Oct 01

Program like a Monkey – I mean an Orangutan – It’s OOK!

Learning PowerShell & Python isn’t enough… I need to learn OOK!

Introduction

Ook! is a programming language designed for orang-utans. Ook! is essentially isomorphic to the well-known esoteric language BrainF***, but has even fewer syntax elements.

Design Principles

  • A programming language should be writable and readable by orang-utans.
  • To this end, the syntax should be simple, easy to remember, and not mention the word “monkey”.
  • Bananas are good.

Language Concepts

If you are familiar with BrainF*** you can skip straight to the syntax elements section. Note that since Ook! is trivially isomorphic to BrainF***, it is well-established that Ook! is a Turing-complete programming language.

Memory Array and Pointer

Ook! uses a large array of integers as storage space, all initially set to zero. A Memory Pointer begins pointing at the first array cell.

Comments

Since the word “ook” can convey entire ideas, emotions, and abstract thoughts depending on the nuances of inflection, Ook! has no need of comments. The code itself serves perfectly well to describe in detail what it does and how it does it. Provided you are an orang-utan.

Syntax Elements

Ook! has only three distinct syntax elements:

  • Ook.
  • Ook?
  • Ook!

These are combined into groups of two, and the various pair combinations specify commands. Programs must thus contain an even number of “Ook”s. Line breaks are ignored.

Commands

  • Ook. Ook?
    Move the Memory Pointer to the next array cell.
  • Ook? Ook.
    Move the Memory Pointer to the previous array cell.
  • Ook. Ook.
    Increment the array cell pointed at by the Memory Pointer.
  • Ook! Ook!
    Decrement the array cell pointed at by the Memory Pointer.
  • Ook. Ook!
    Read a character from STDIN and put its ASCII value into the cell pointed at by the Memory Pointer.
  • Ook!
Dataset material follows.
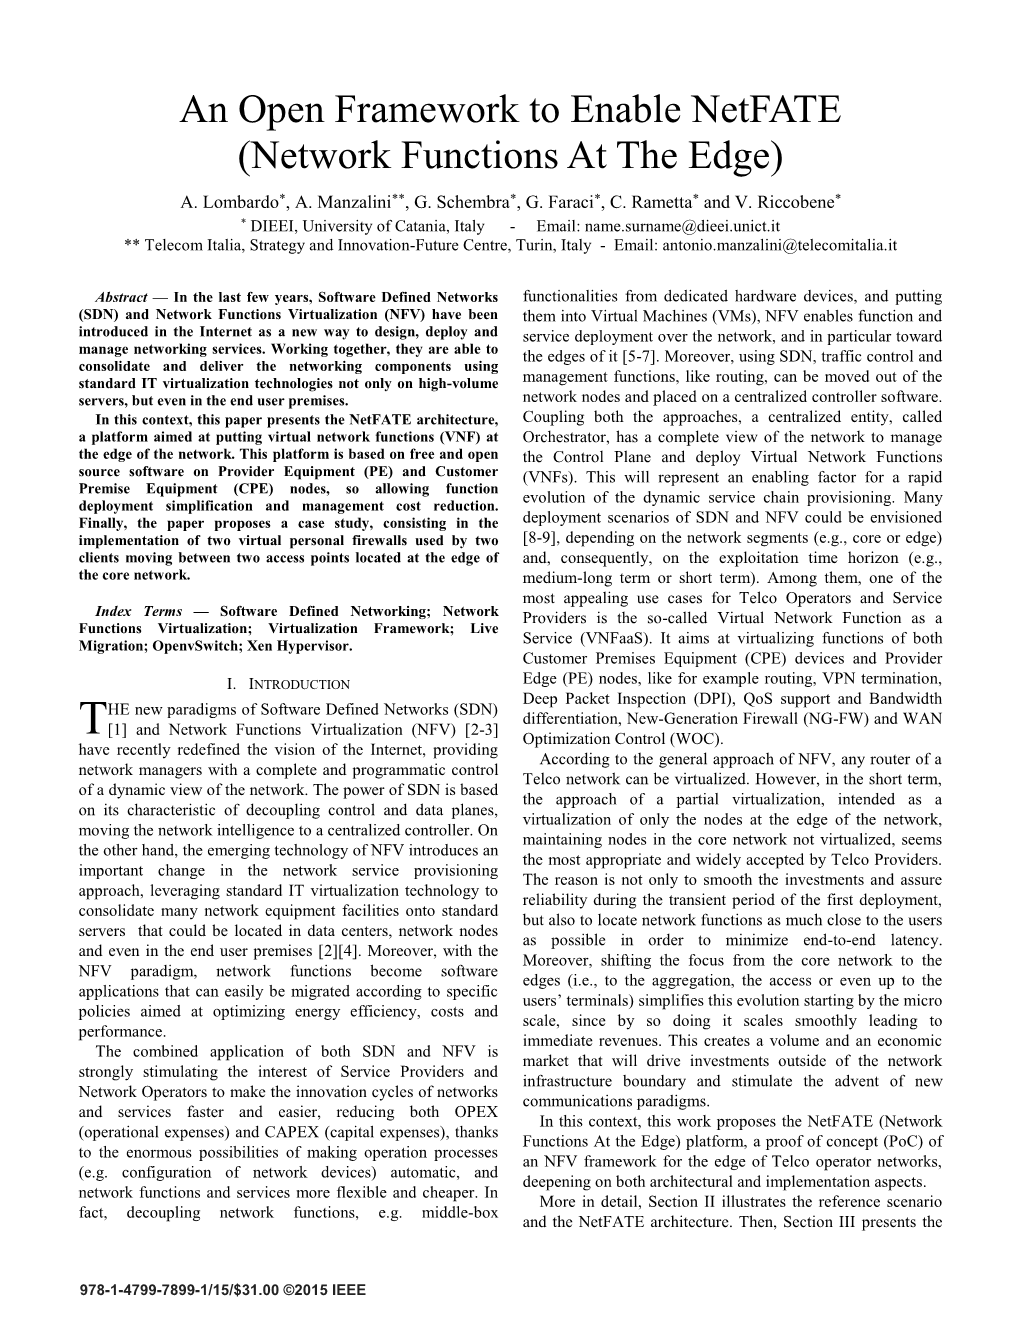 Network Functions at the Edge)
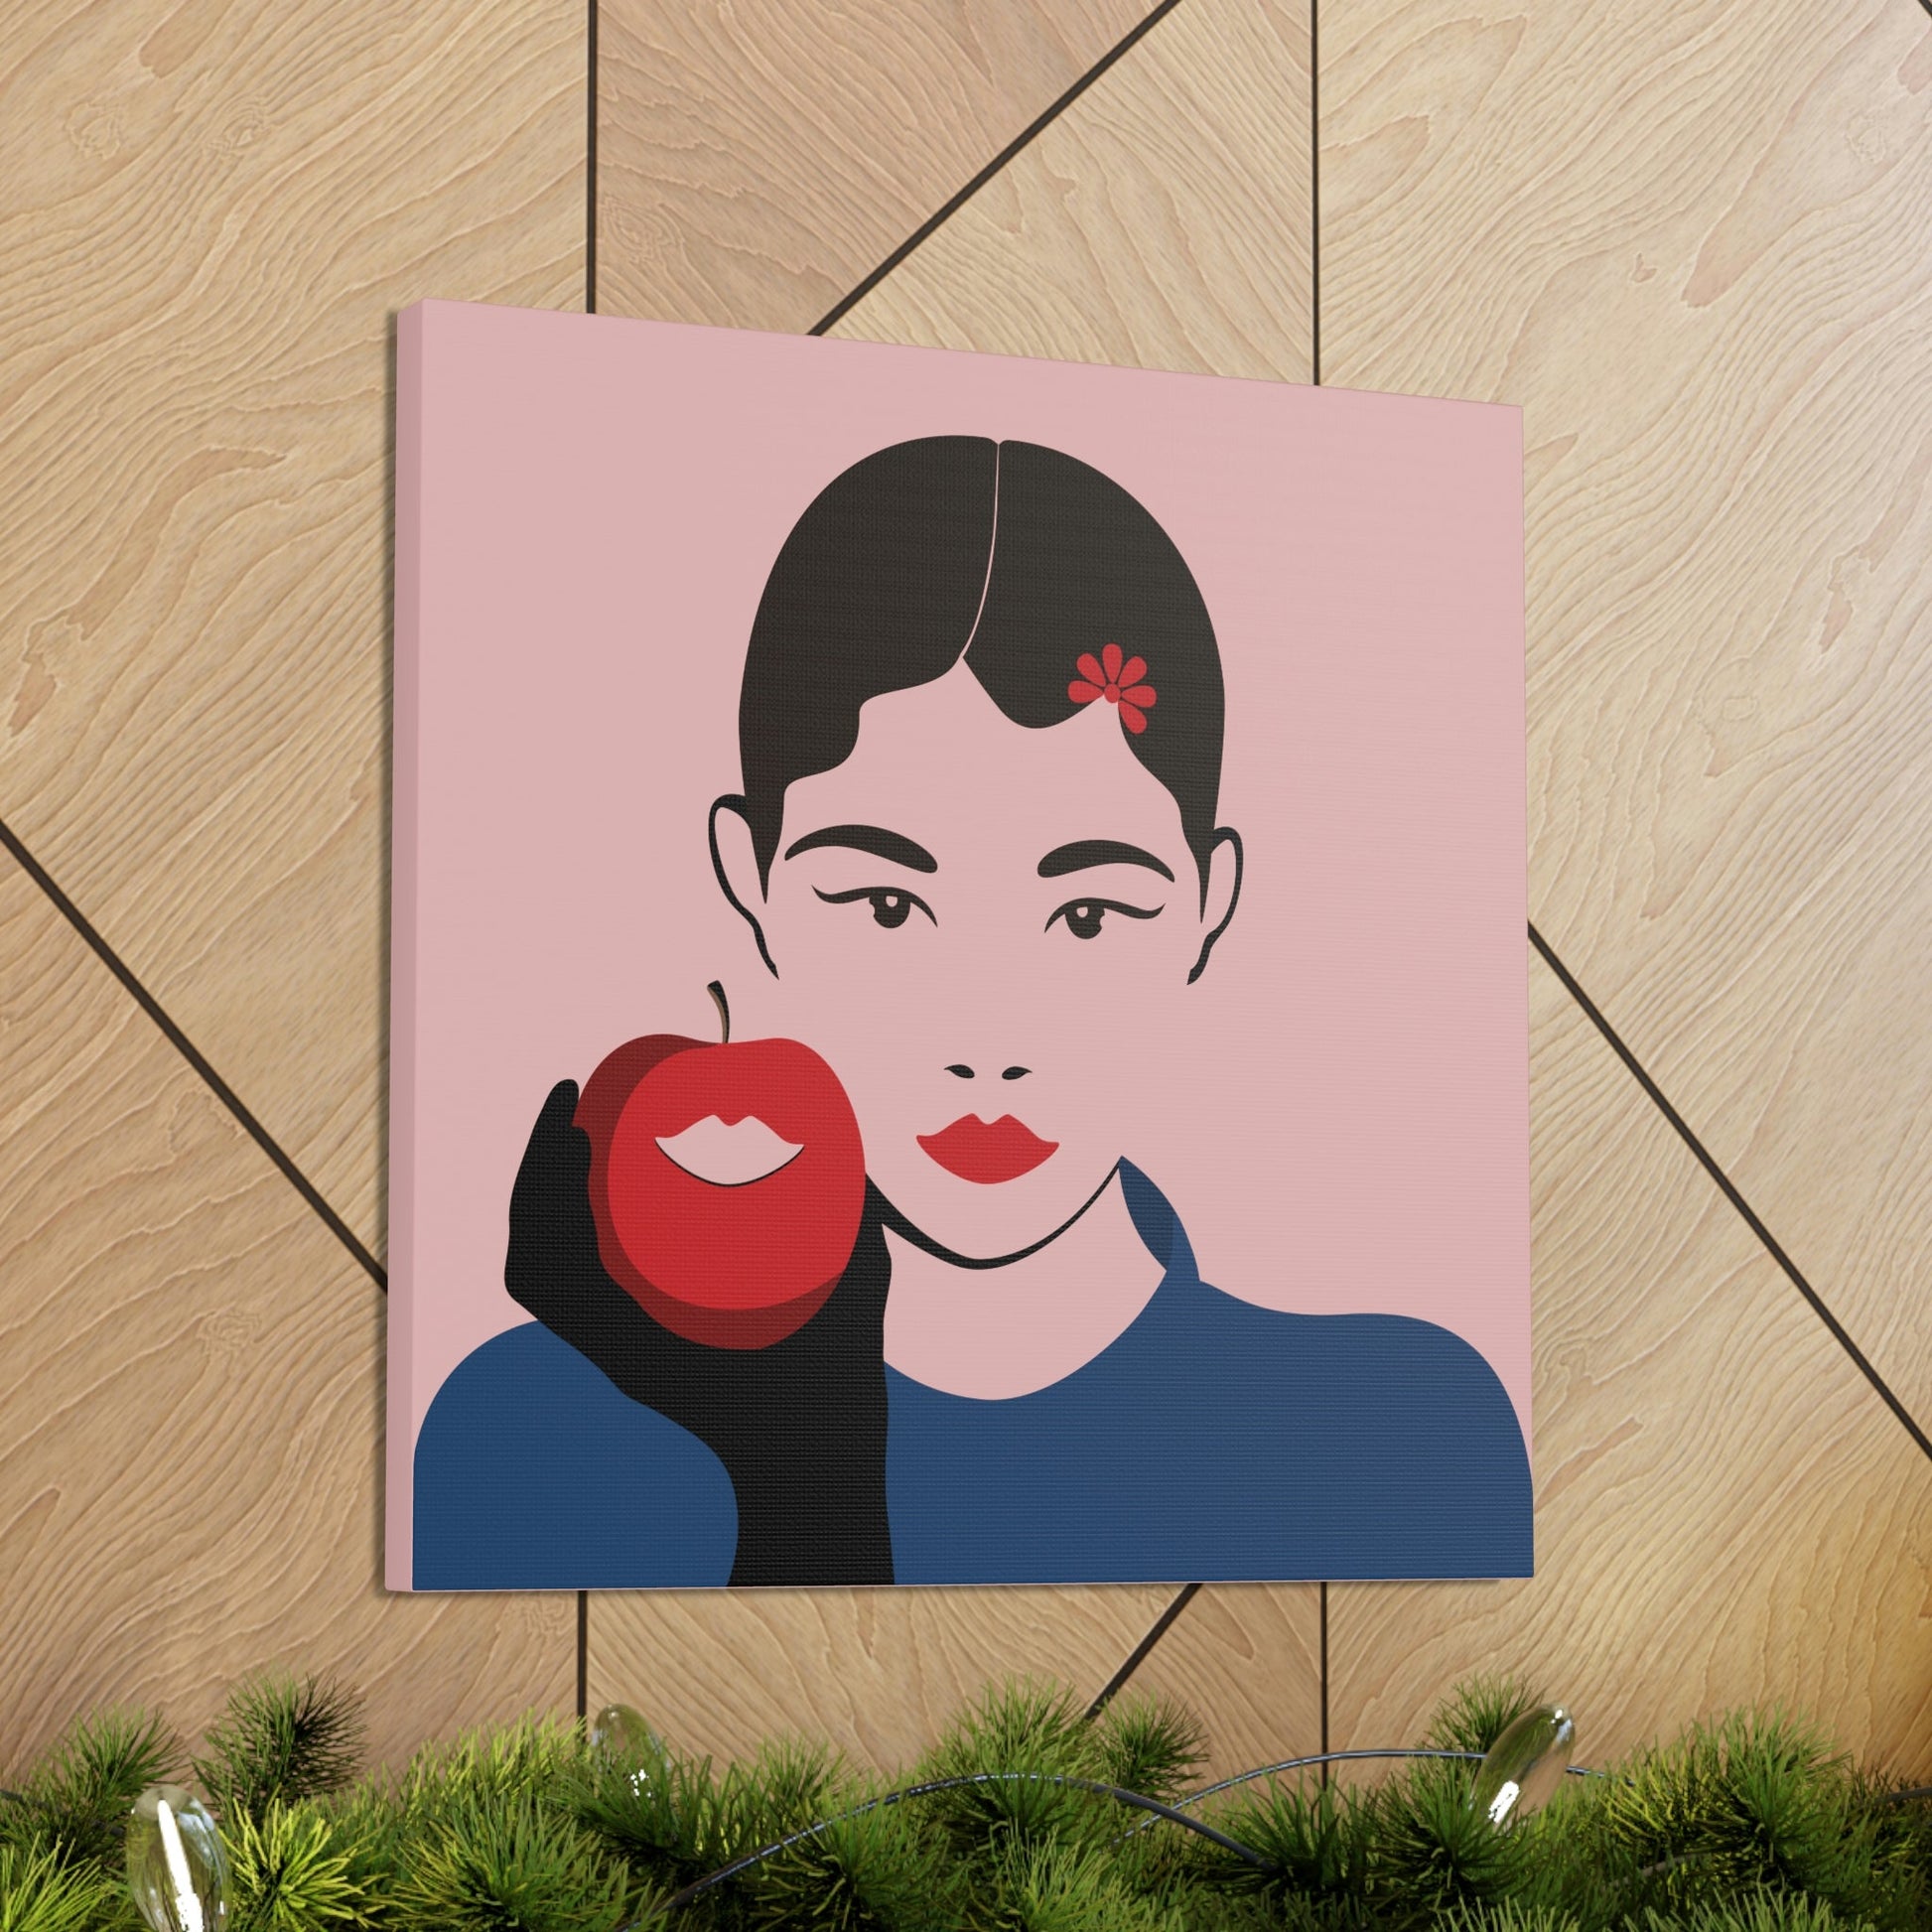 Japan Art Minimal Aesthetic Asian Woman Portrait Style Classic Graphic Canvas Gallery Wraps Ichaku [Perfect Gifts Selection]

Ook.
    Print the character with ASCII value equal to the value in the cell pointed at by the Memory Pointer.
  • Ook! Ook?
    Move to the command following the matching Ook? Ook! if the value in the cell pointed at by the Memory Pointer is zero. Note that Ook! Ook? and Ook? Ook! commands nest like pairs of parentheses, and matching pairs are defined in the same way as for parentheses.
  • Ook? Ook!
    Move to the command following the matching Ook! Ook? if the value in the cell pointed at by the Memory Pointer is non-zero.

Um, that’s it. That’s the whole language. What do you expect for something usable by orang-utans?